CHOICE OF SOCIETY, AND FORMATION OF
Character is formed under a great variety of influences. Sometimes a very trifling circumstance gives direction to the whole course of one's life. And every incident that occurs, from day to day, is exerting a silent, gradual influence, in the formation of your character. Among these influences, none are more direct and powerful than that exerted upon us by the companions with whom we associate; for we insensibly fall into their habits. This is especially true in childhood and youth, when the character is plastic, like soft wax—easily impressed.
But we cannot avoid associating, to some extent, with those whose influence is injurious. It is necessary, then, for us to distinguish society into general and particular. General society is that with which we are compelled to associate. Particular society is that which we choose for ourselves. In school, and in all public places, you are under the necessity of associating somewhat with all. But those whom you meet, in such circumstances, you are not compelled to make intimate friends. You may be courteous and polite to all, wherever and whenever you meet them, and yet maintain such a prudent reserve, and cautious deportment, as not to be much exposed to contamination, if they should not prove suitable companions.
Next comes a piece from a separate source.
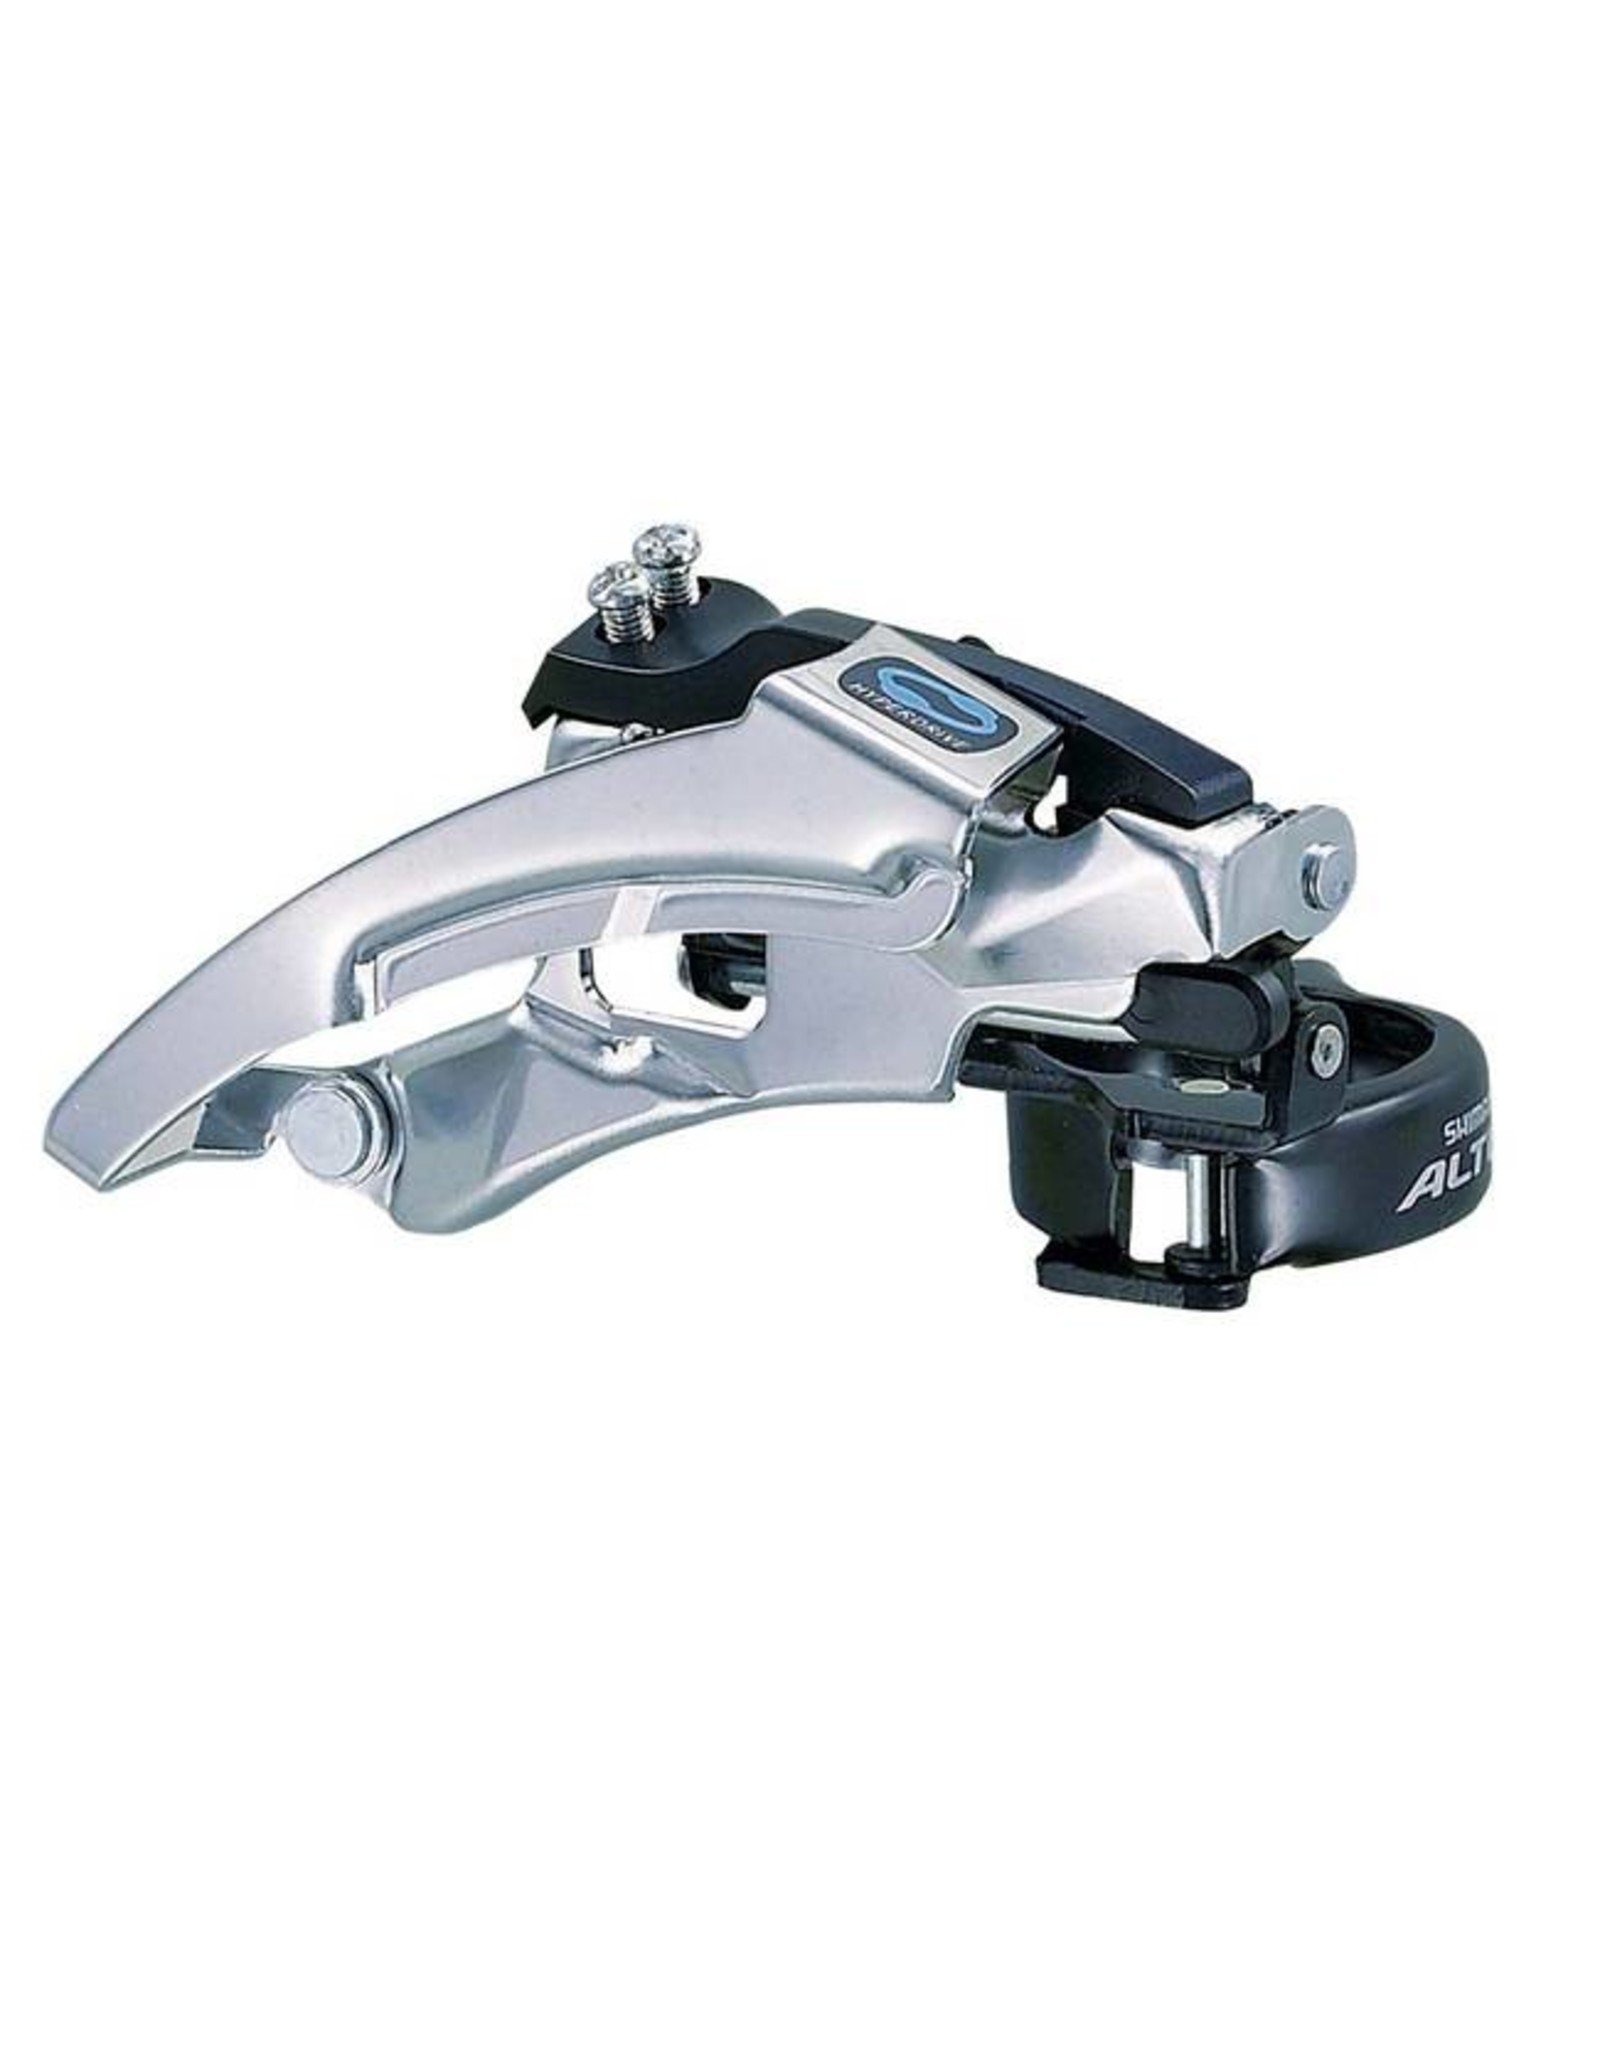 SHIMANO Shimano Altus Front Derailleur FD-M310, Top-Swing Dual-Pull Band-Type, 63-66 degree mount angle
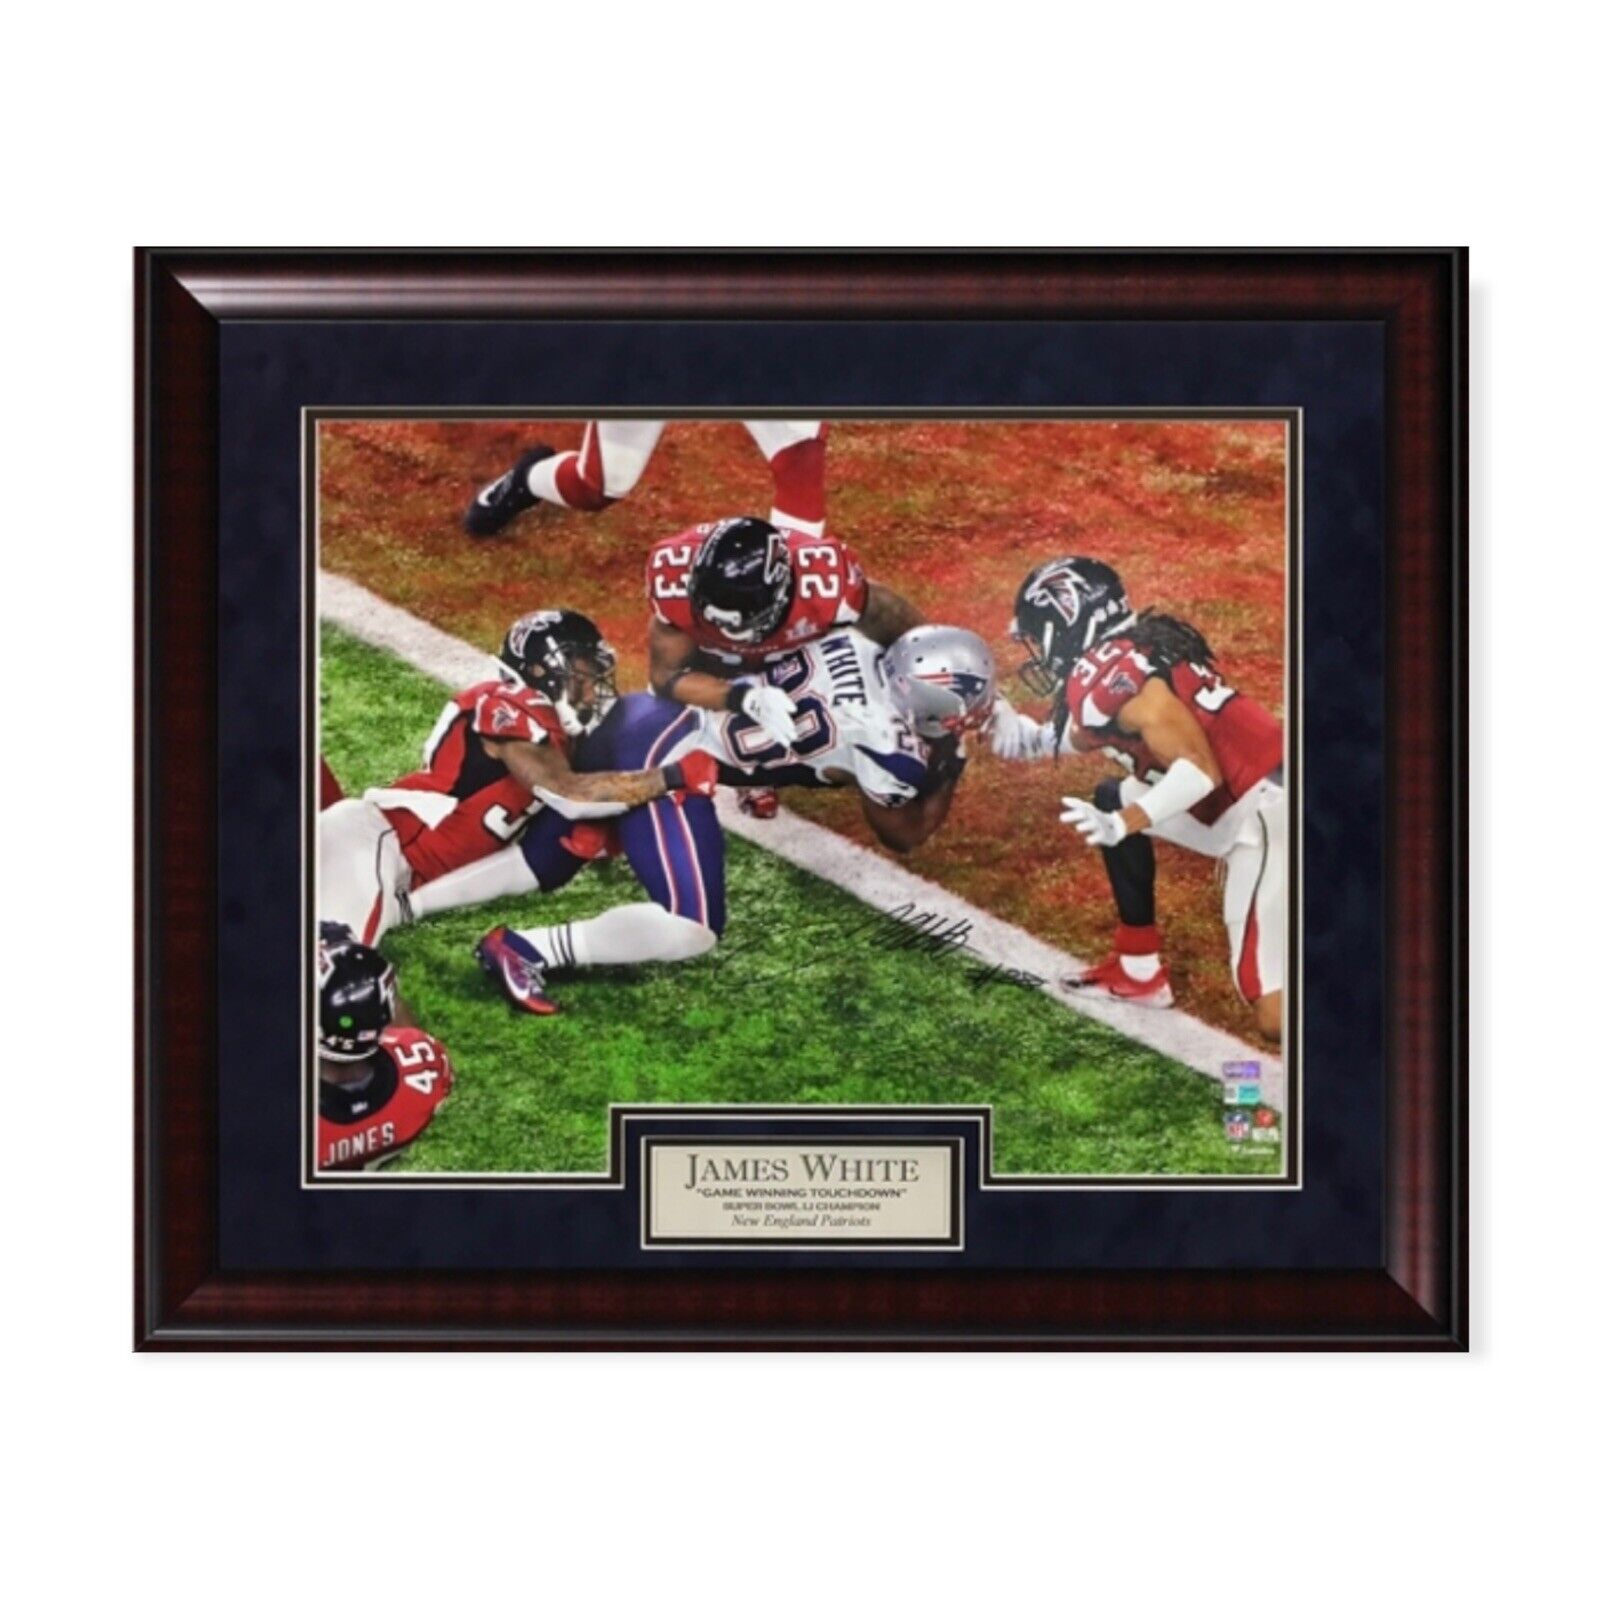 James White Signed Autographed 16×20 Photograph Framed To 20×24 Fanatics

But everyone needs intimate friends; and it is necessary that these should be well chosen. A bad friend may prove your ruin. You should therefore be slow and cautious in the formation of intimacies and friendships. Do not be suddenly taken with anyone, and so enter into a hasty friendship; for you may be mistaken, and soon repent of it. There is much force in the old adage, "All is not gold which glitters." A pleasing exterior often conceals a corrupt heart. Before you enter into close intimacies or friendships, study the characters of the people whom you propose to choose for companions. Watch their behavior and conversation; and if you discover any bad habits indulged, or anything that indicates a lack of principle, let them not become your companions. If you discover that they disregard any of the commandments of God, set them down as unsafe associates. They will not only be sure to lead you astray, but you can place no dependence upon their fidelity. If they will break one of God's commands, they will another; and you can put no confidence in them. But even where you discover no such thing, ask the opinion of your parents respecting them before you choose them as your friends. Yet, while you are in suspense about the matter, treat them courteously and kindly. But when you have determined to seek their friendship, do not impose your friendship on them against their will. Remember that they have the same right as yourself to the choice of their friends; and they may see some objection to the formation of a friendship with yourself. Be delicate, therefore, in your advances, and give them an opportunity to come half way. A friendship cautiously and slowly formed will be much more likely to last than one that is formed in haste.
But let the number of your intimate and confidential friends be small. It is better to have a few select, choice, and warm friends, than to have a great number, less carefully chosen, whose attachment is less warm and ardent. But you must not refuse to associate at all with the mass of the society where you belong; especially, if you live in the country. You must meet them kindly and courteously, on all occasions where the society in general in which you move is called together. You must not affect exclusiveness, nor confine yourself to the company of your particular friends, at such times. But be careful that you do not expose yourself to evil influences.
You ought not, at present, to form any intimate friendships with the other gender. Such friendships, at your age, are dangerous; and if not productive of any serious present evils, they will probably be subjects of regret when you come to years of maturity; for attachments may be formed that your judgment will then disapprove.